Supplied data:
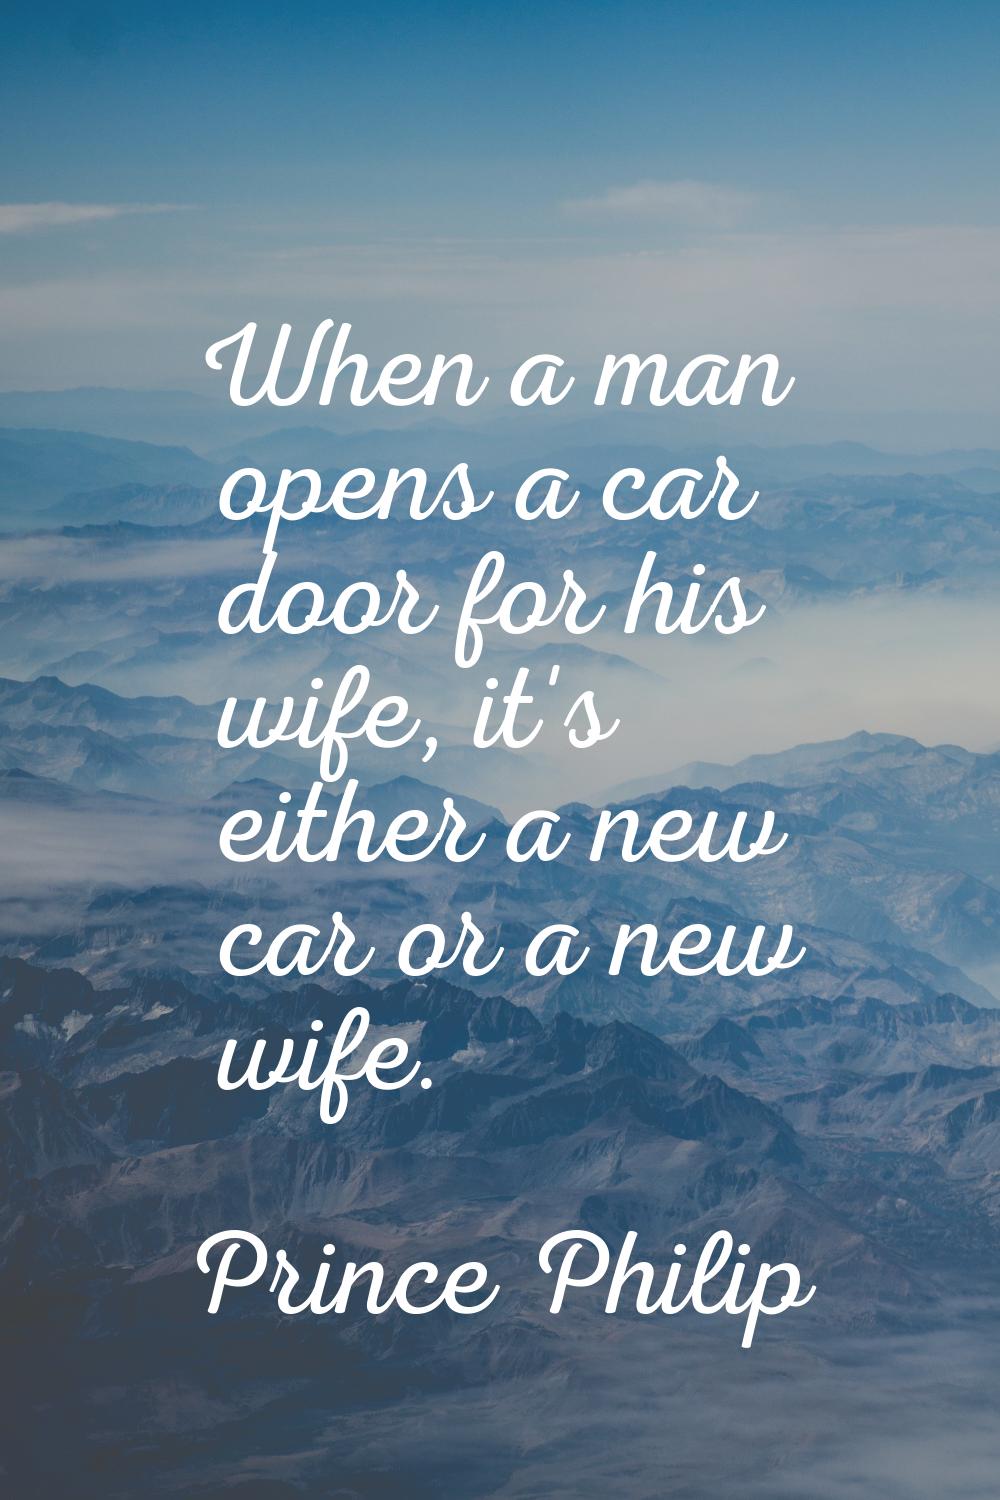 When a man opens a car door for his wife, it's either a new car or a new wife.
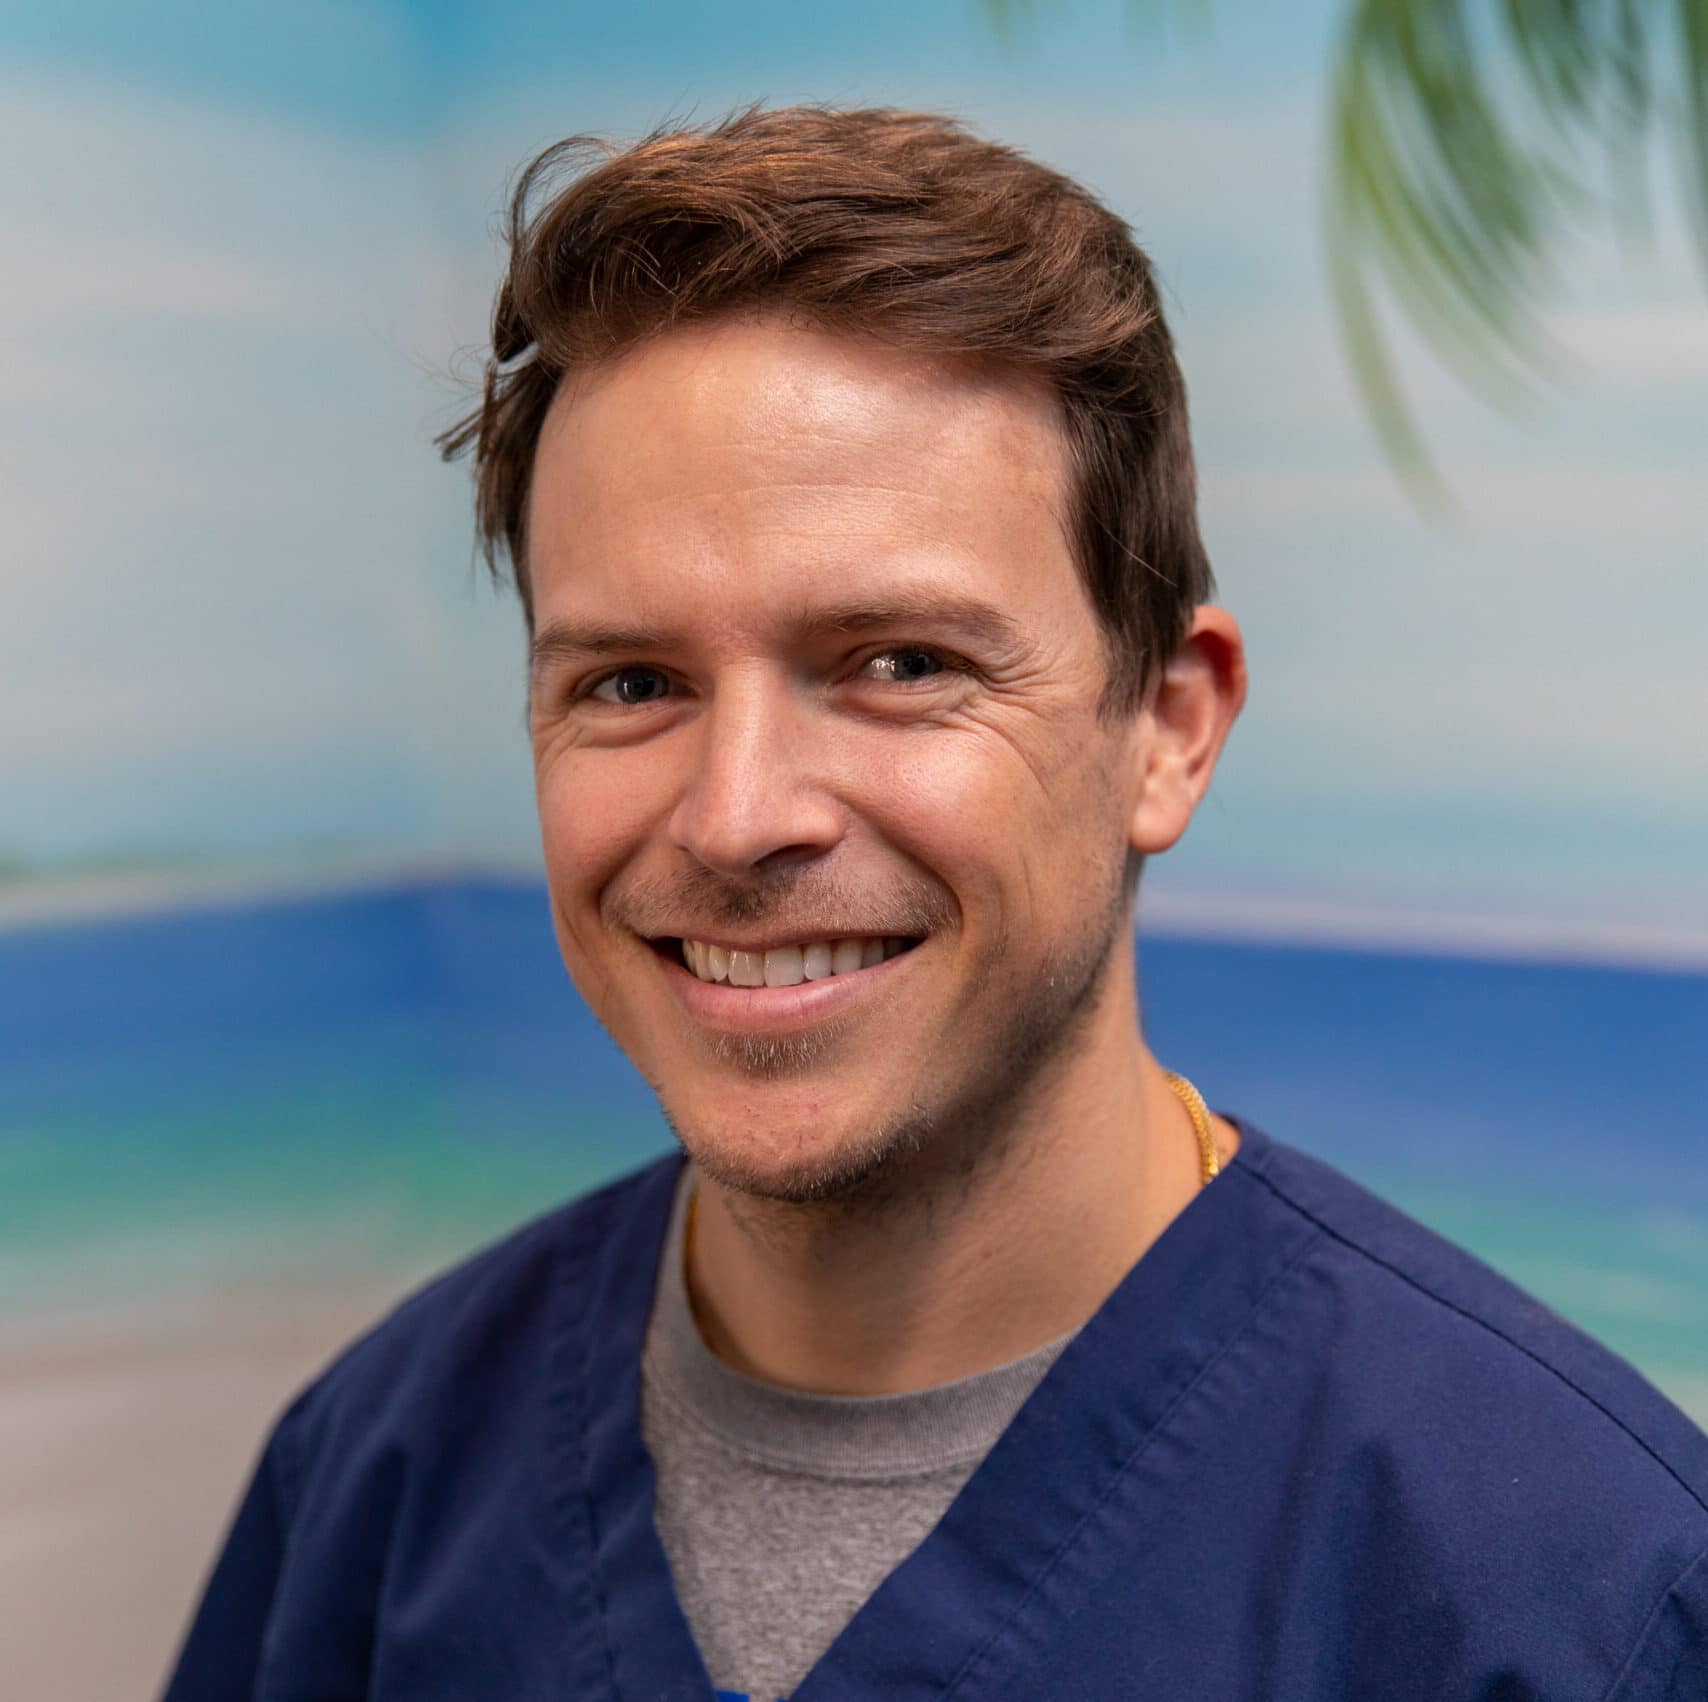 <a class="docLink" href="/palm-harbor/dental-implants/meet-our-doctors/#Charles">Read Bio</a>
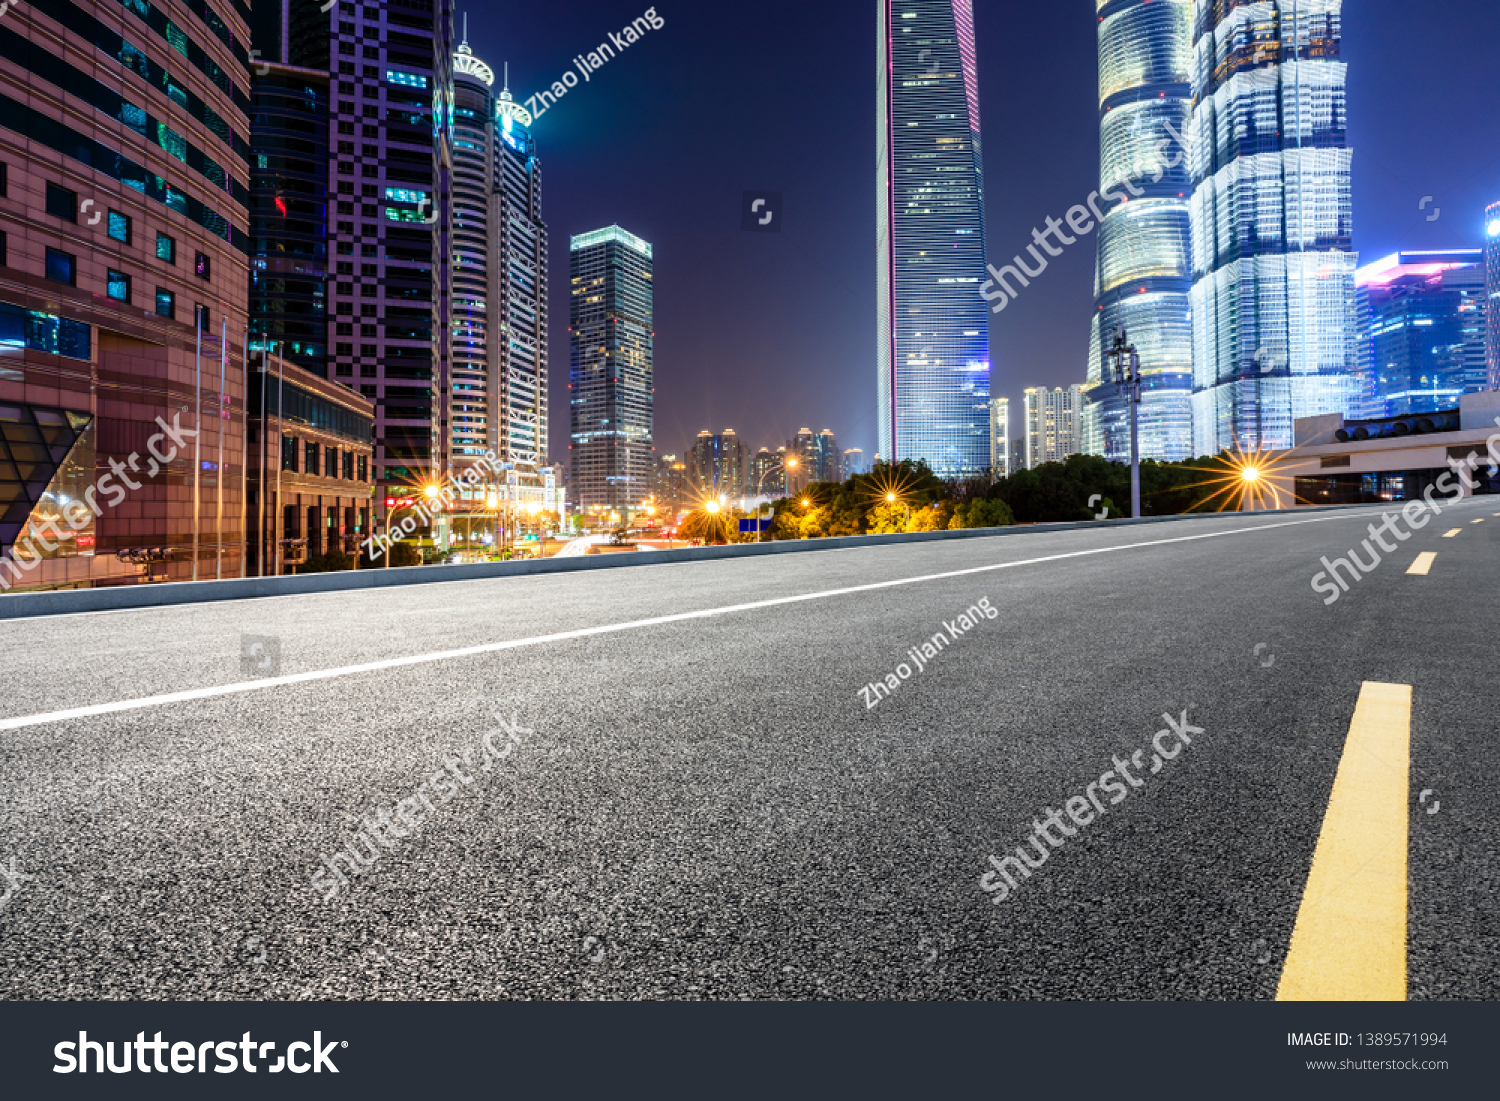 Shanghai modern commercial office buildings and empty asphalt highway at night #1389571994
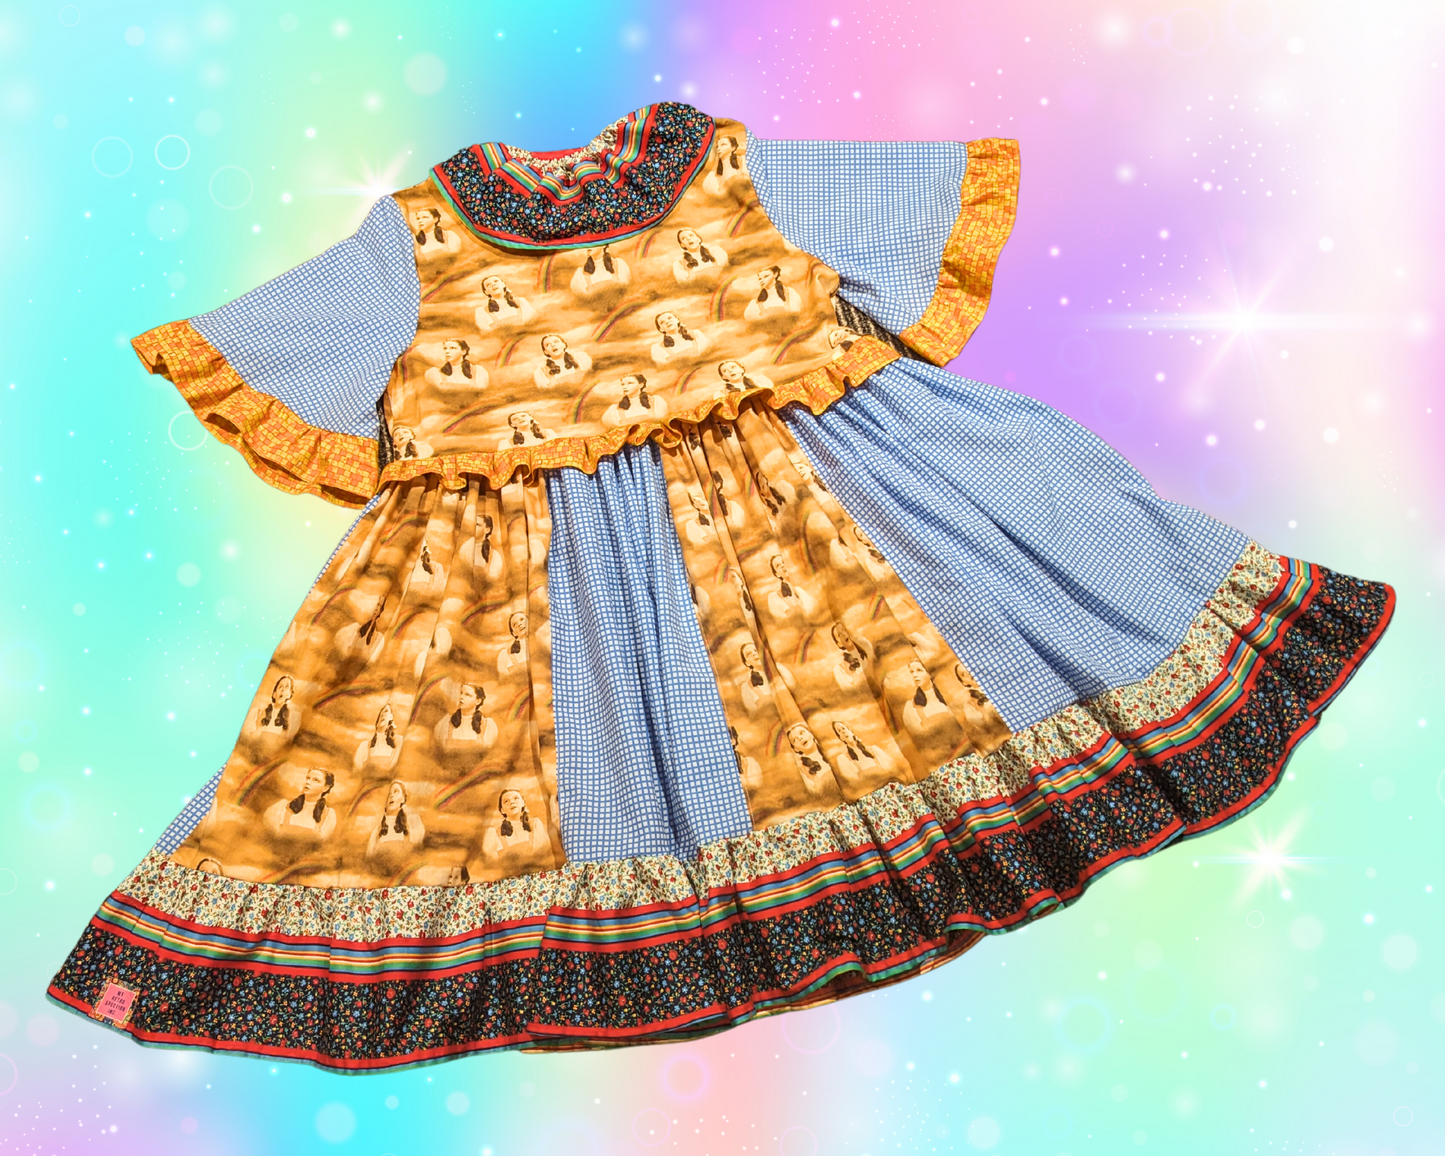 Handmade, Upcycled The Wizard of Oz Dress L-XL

What is needed: Word-for-word transcription: the whole listing, with images excluded.

Solution for this task:
 When a man opens a car door for his wife, it's either a new car or a new wife.
 <a class="docLink" href="/palm-harbor/dental-implants/meet-our-doctors/#Charles">Read Bio</a>
 Shanghai modern commercial office buildings and empty asphalt highway at night #1389571994
 Handmade, Upcycled The Wizard of Oz Dress L-XL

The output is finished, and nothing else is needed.